(Exercise prompt) Nothing but the pictures should be left out when you copy the records exactly.

== == ==

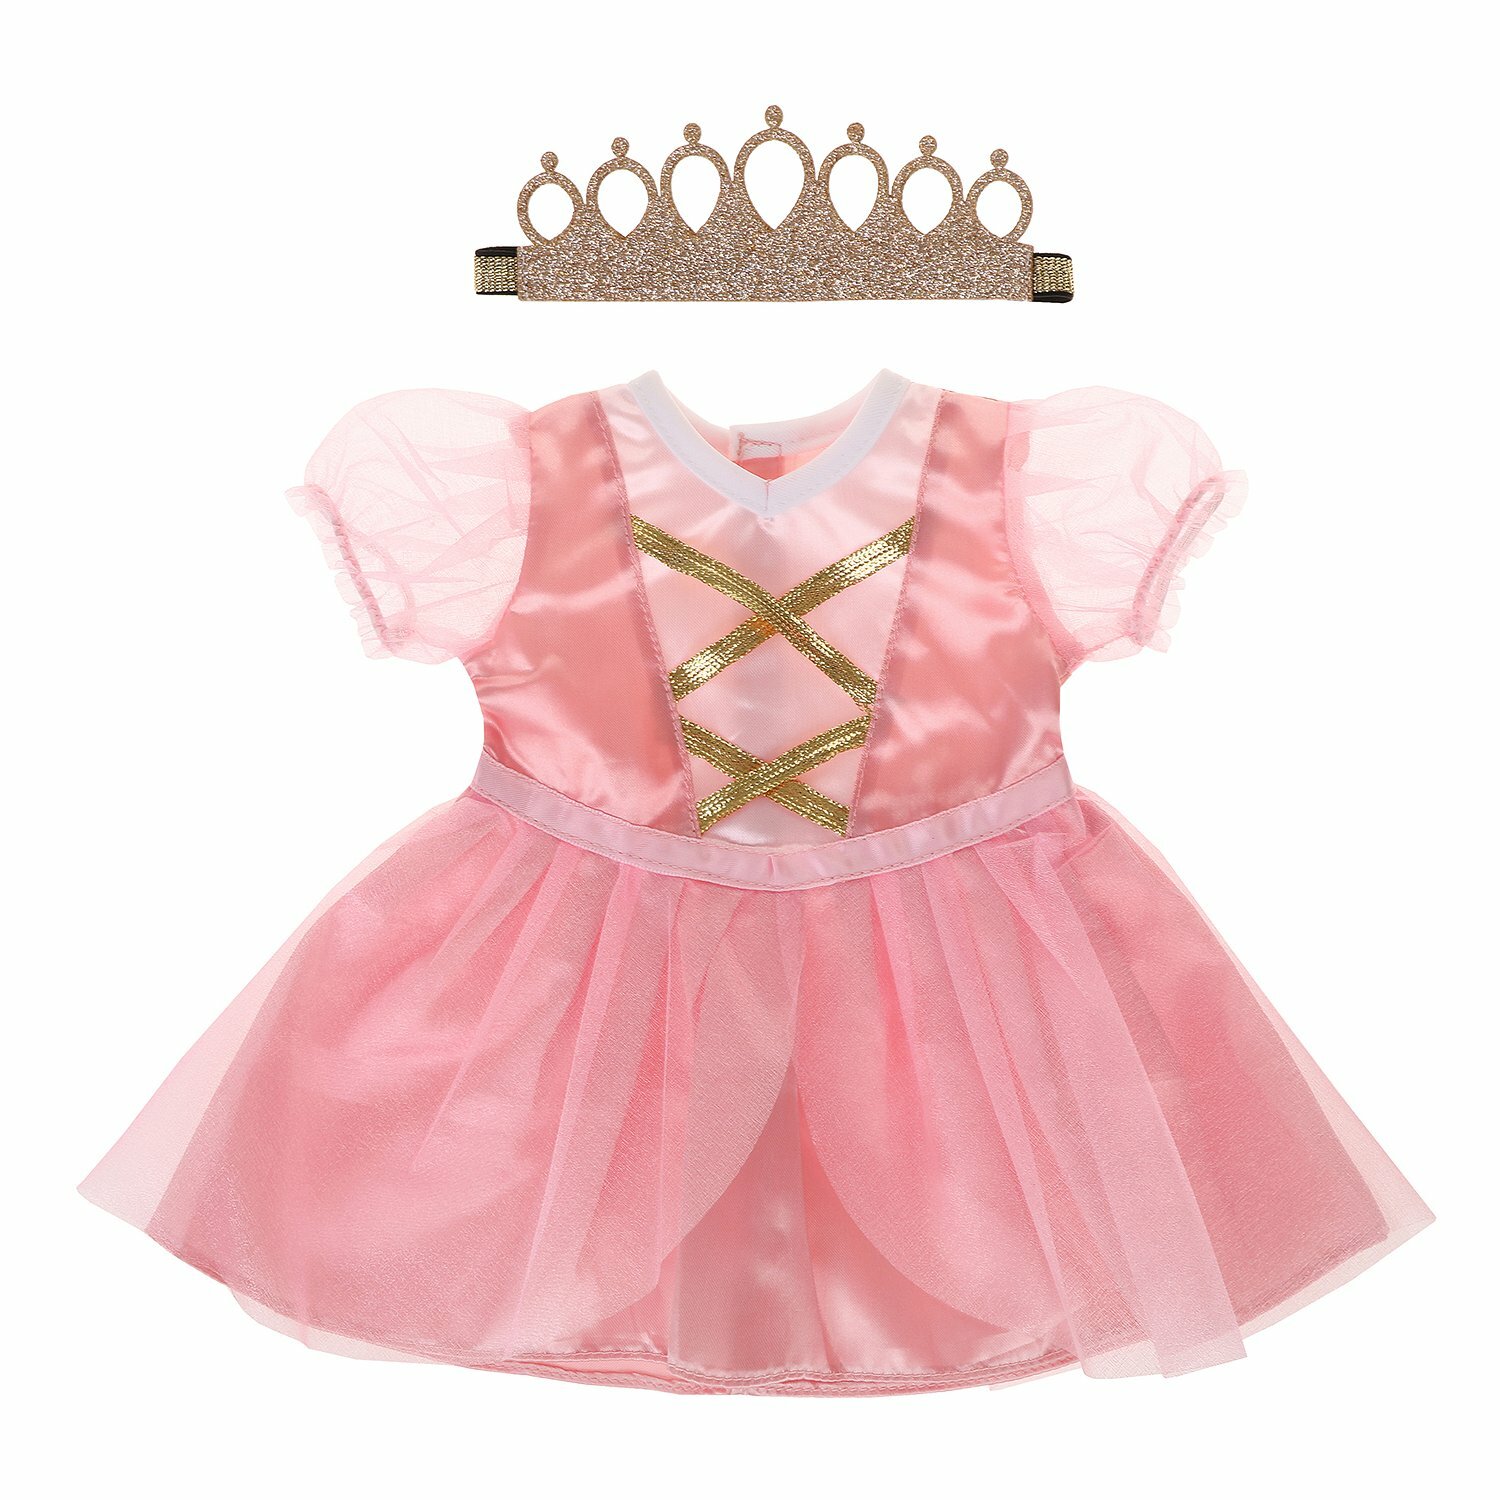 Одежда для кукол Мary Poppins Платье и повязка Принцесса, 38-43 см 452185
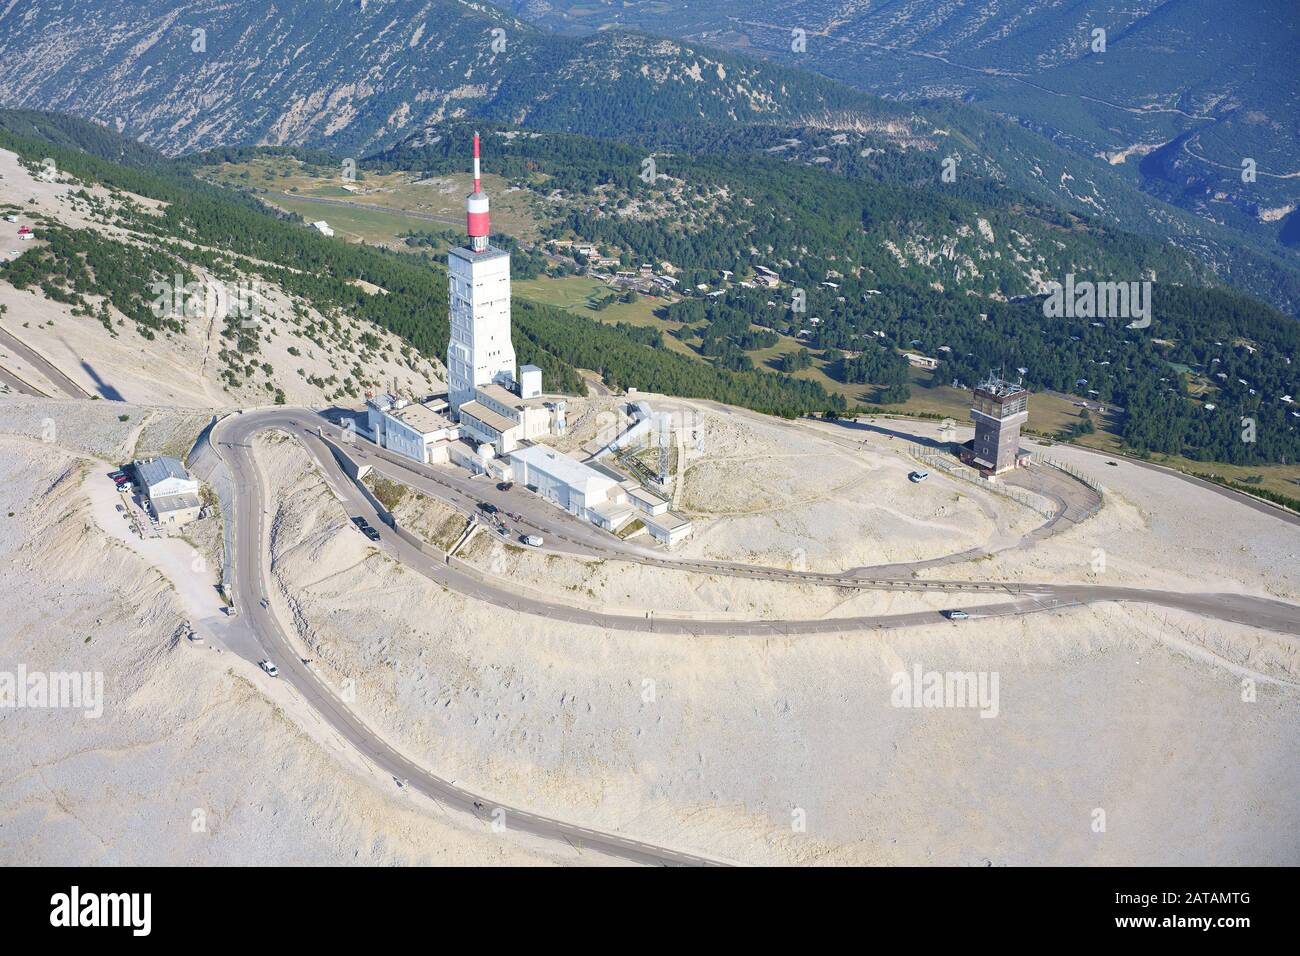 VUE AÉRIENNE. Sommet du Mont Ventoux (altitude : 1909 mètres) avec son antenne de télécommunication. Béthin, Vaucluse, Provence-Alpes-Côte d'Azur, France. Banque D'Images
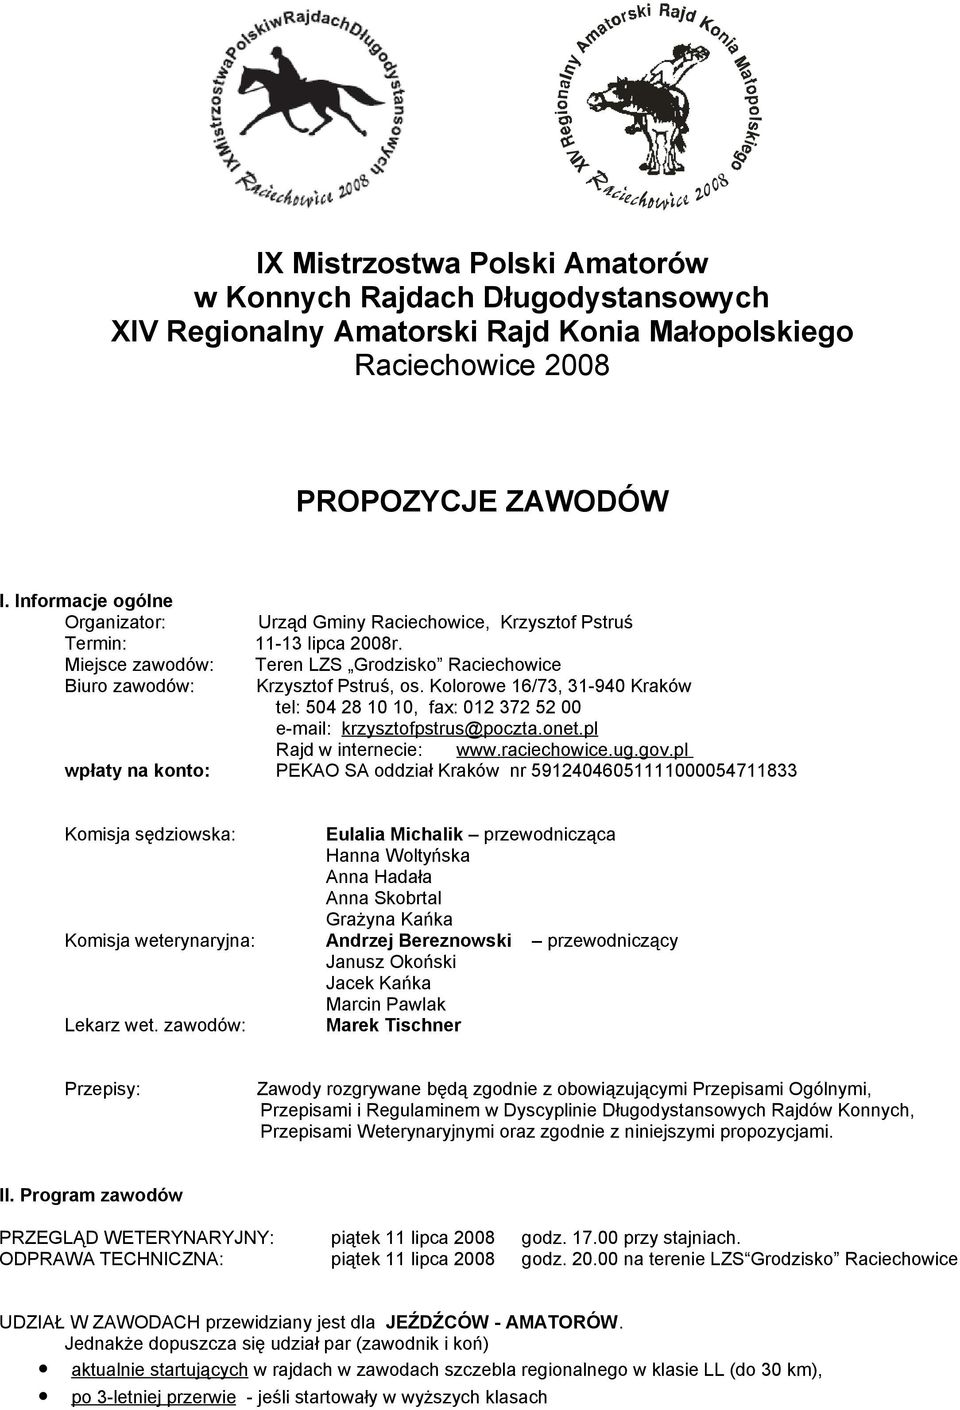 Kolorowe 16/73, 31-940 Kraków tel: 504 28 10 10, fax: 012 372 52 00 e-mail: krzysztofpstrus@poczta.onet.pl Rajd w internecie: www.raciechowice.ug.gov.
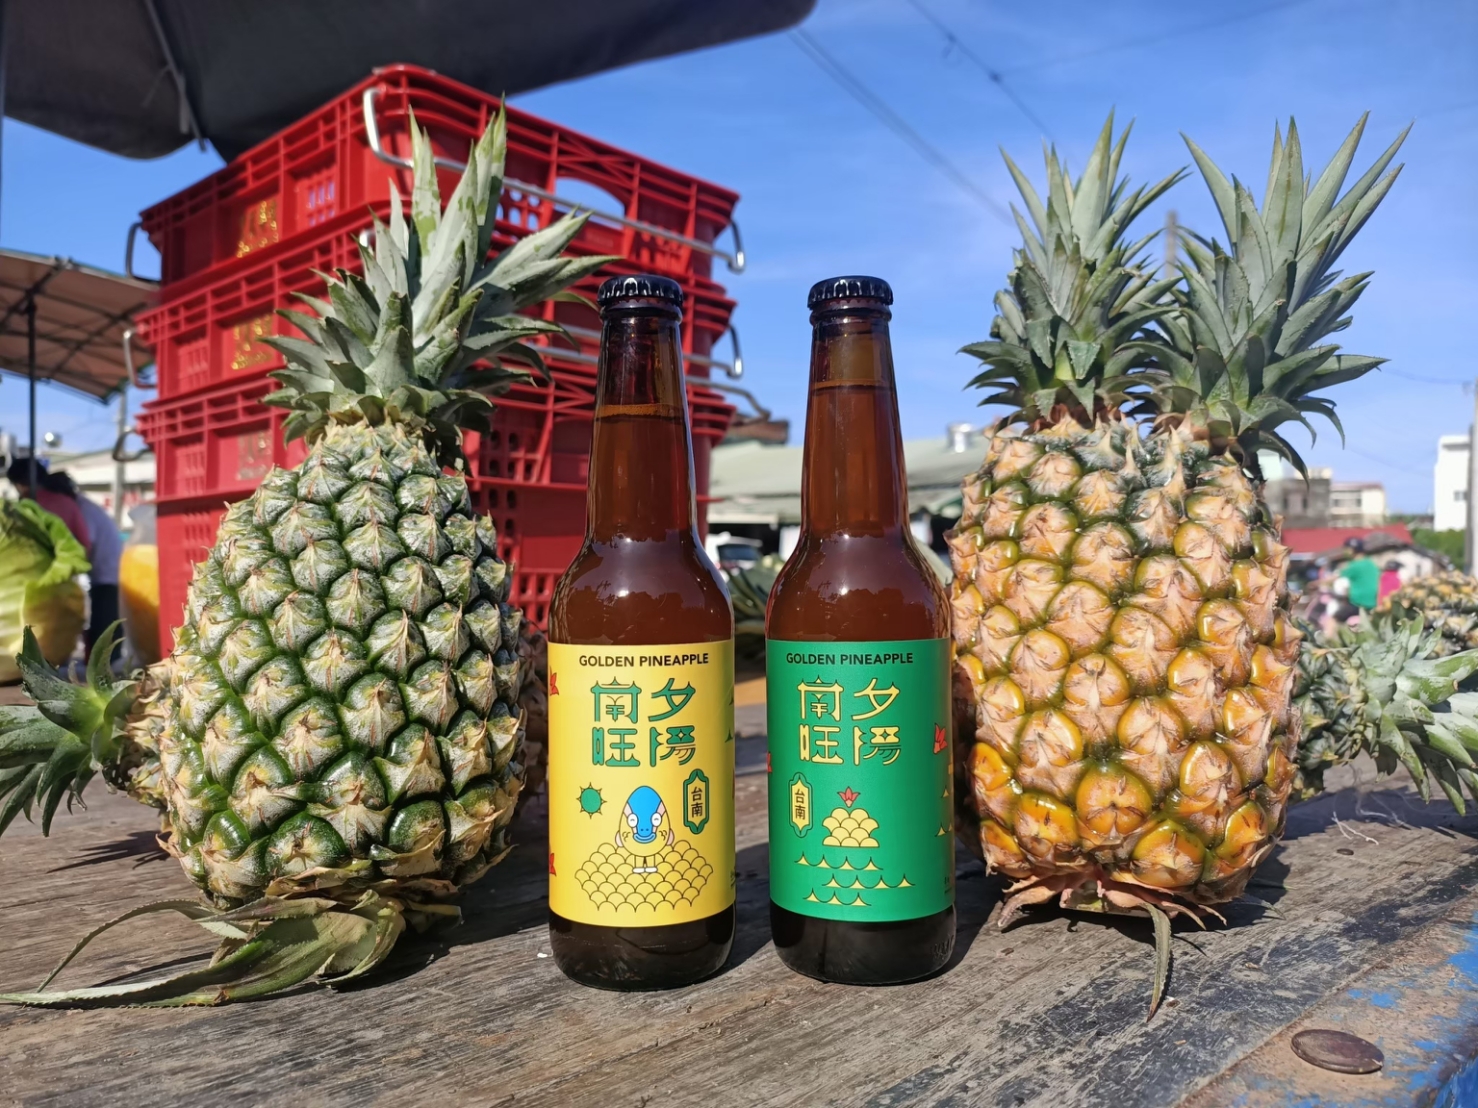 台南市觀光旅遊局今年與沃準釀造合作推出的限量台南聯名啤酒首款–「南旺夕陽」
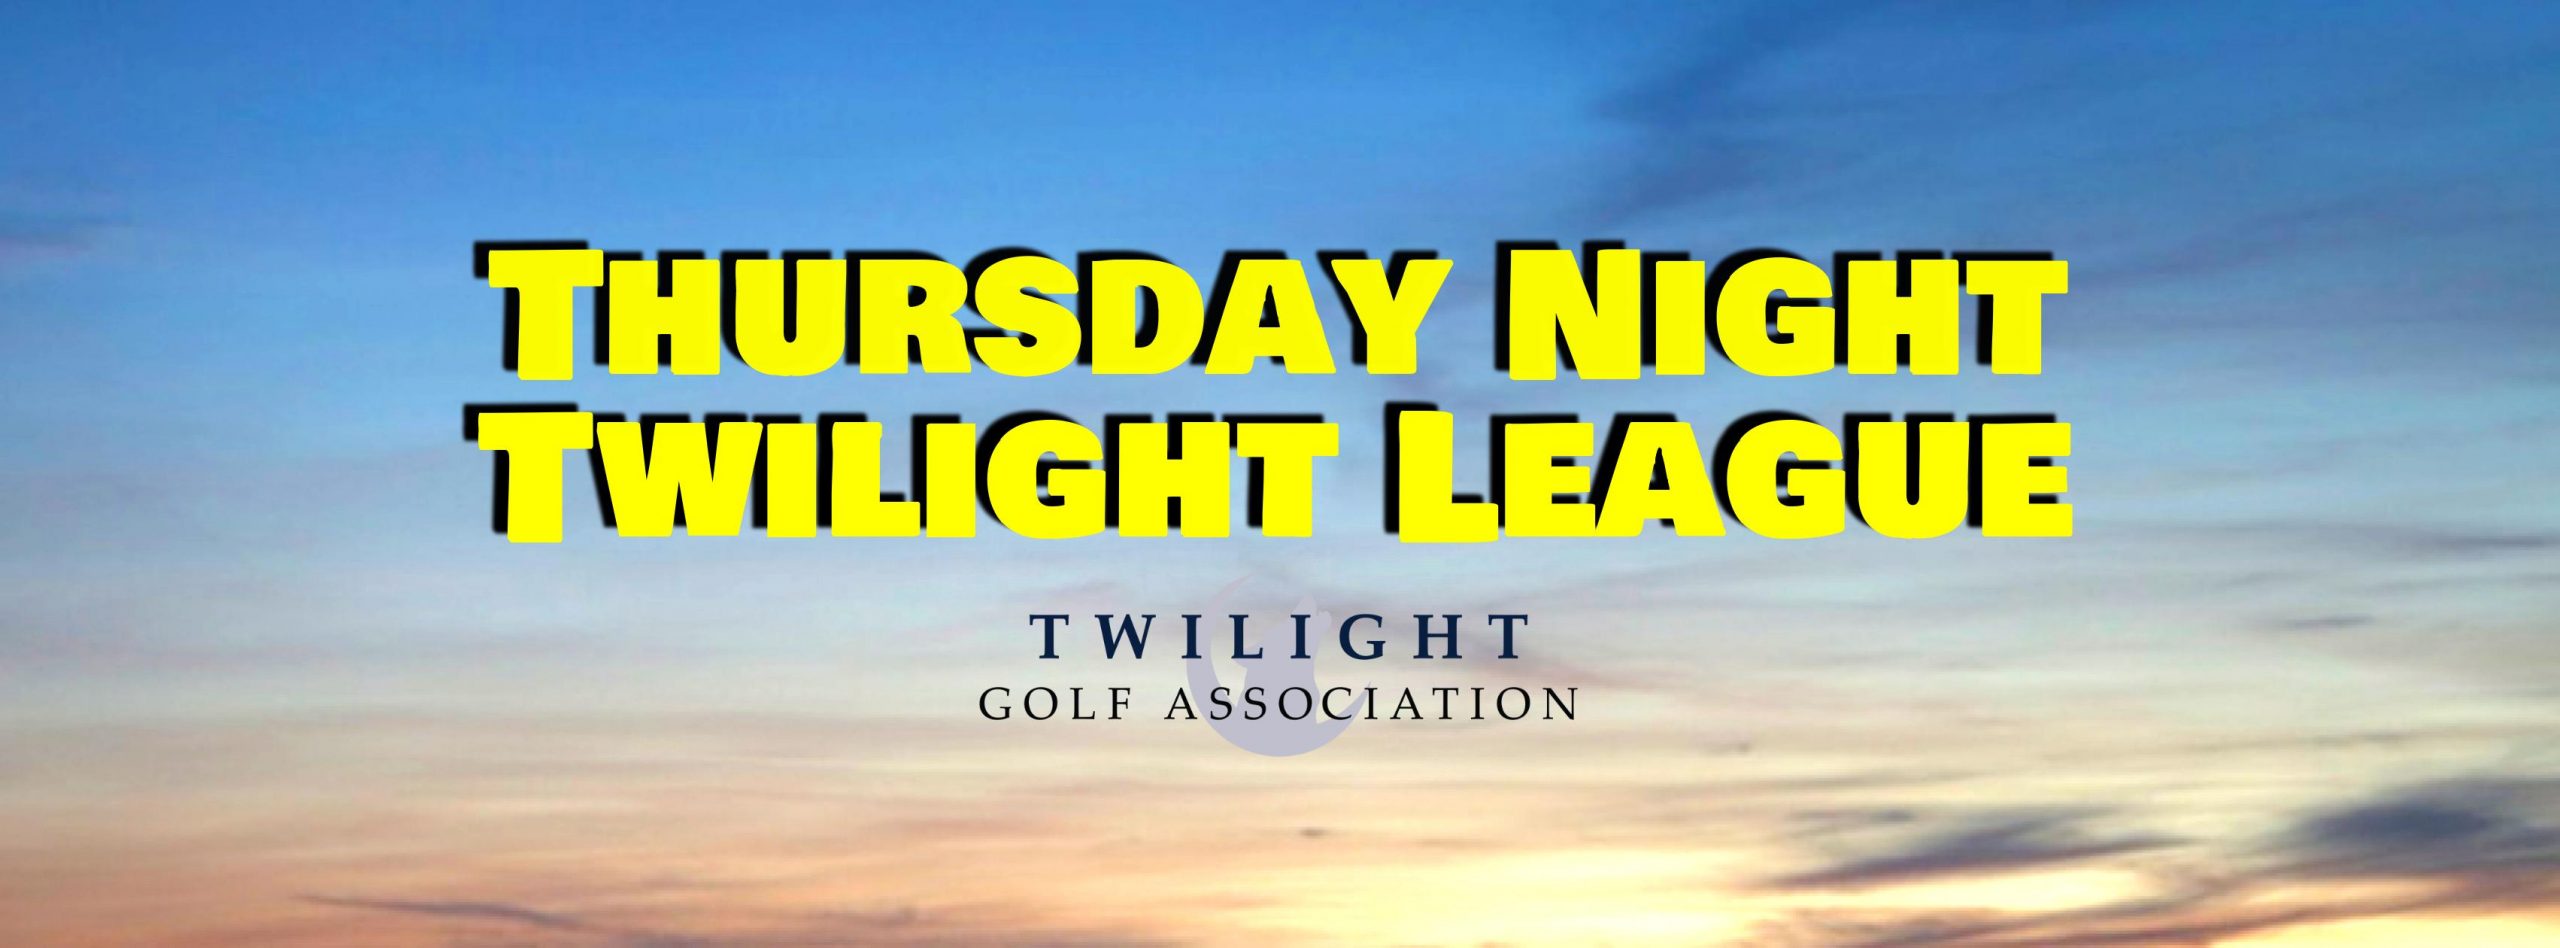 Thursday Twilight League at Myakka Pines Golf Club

== == ==

(Task result)
 Одежда для кукол Мary Poppins Платье и повязка Принцесса, 38-43 см 452185
 VUE AÉRIENNE. Sommet du Mont Ventoux (altitude : 1909 mètres) avec son antenne de télécommunication. Béthin, Vaucluse, Provence-Alpes-Côte d'Azur, France. Banque D'Images
 Kolorowe 16/73, 31-940 Kraków tel: 504 28 10 10, fax: 012 372 52 00 e-mail: krzysztofpstrus@poczta.onet.pl Rajd w internecie: www.raciechowice.ug.gov.
 台南市觀光旅遊局今年與沃準釀造合作推出的限量台南聯名啤酒首款–「南旺夕陽」
 Thursday Twilight League at Myakka Pines Golf Club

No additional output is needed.